The rapid adoption of UAV drones in agricultural settings stems from their ability to perform targeted spraying with reduced labor and chemical usage. However, the effectiveness of a UAV drone heavily depends on the aerodynamic interactions between its rotors and the crop canopy. In this study, we investigate the wind field generated by a quad-rotor UAV drone during low-altitude operations, with an emphasis on hover and crosswind scenarios. By integrating transient turbulent CFD models, we simulate the downwash airflow to understand spatial distribution patterns. Subsequently, we design and optimize a side spray diversion structure tailored for trellised grapevines, ensuring efficient pesticide delivery. This research not only addresses practical application hurdles but also lays groundwork for future innovations in UAV drone-based plant protection systems.

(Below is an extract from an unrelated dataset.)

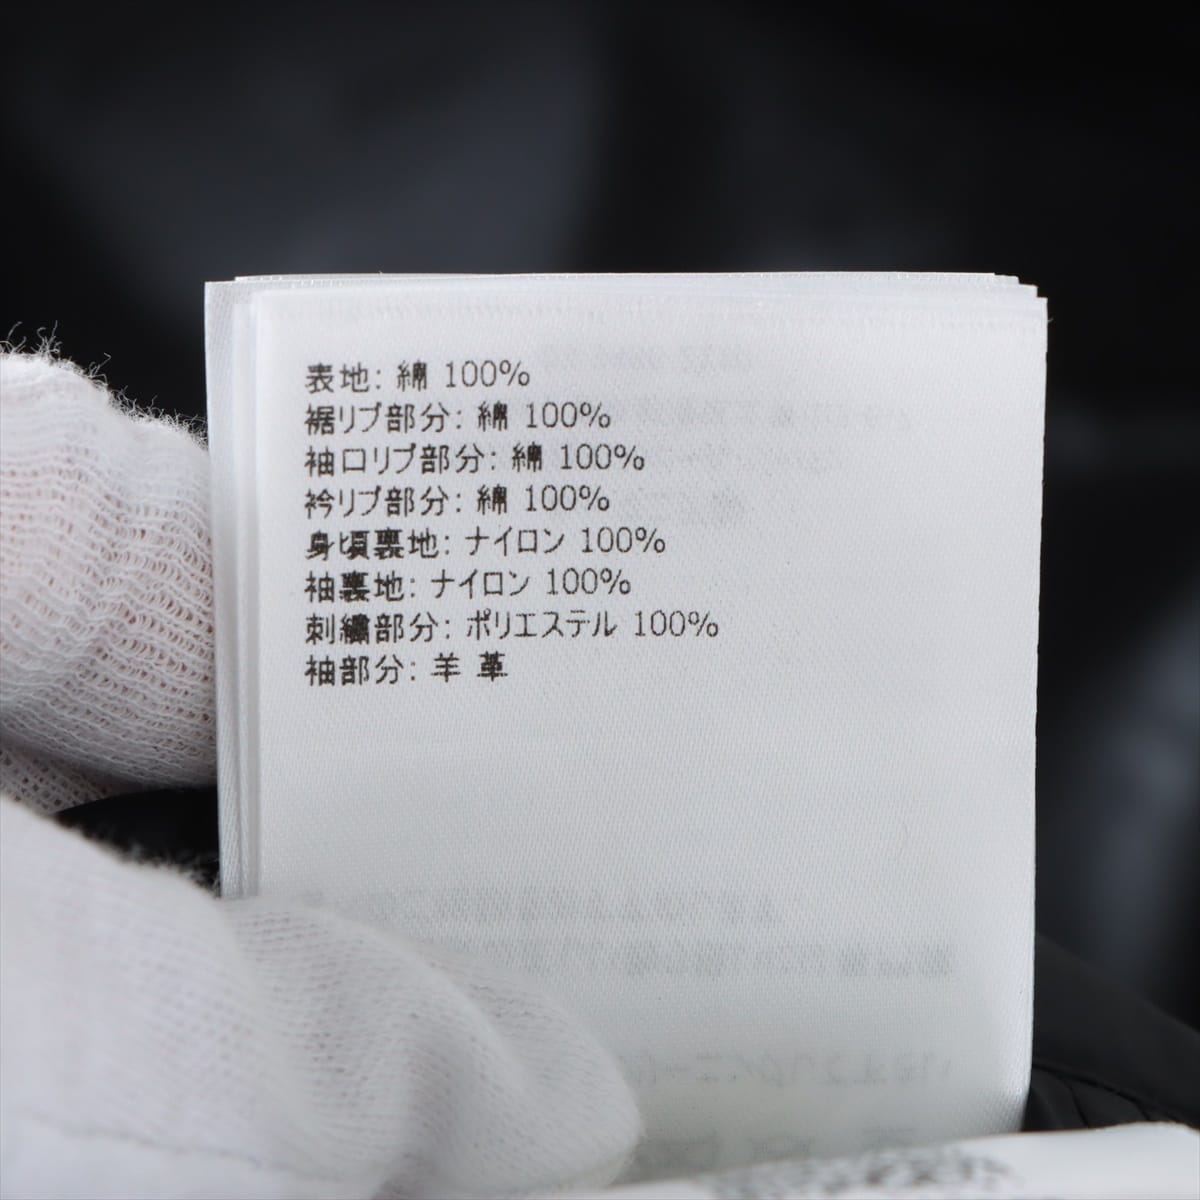 Moncler Genius Fragment RAGGAE 18 years Cotton & leather Blouson 1 Men's Black × White  Hiroshi Fujiwara

Our methodology begins with defining the geometric and operational parameters of the UAV drone. We base our model on a standard quad-rotor configuration, simplifying non-essential mechanical details to focus on aerodynamic effects. The key specifications are summarized in Table 1, which includes parameters such as rotor size, mass, and flight capabilities. These parameters are critical for accurate CFD simulations and real-world validation of the UAV drone performance.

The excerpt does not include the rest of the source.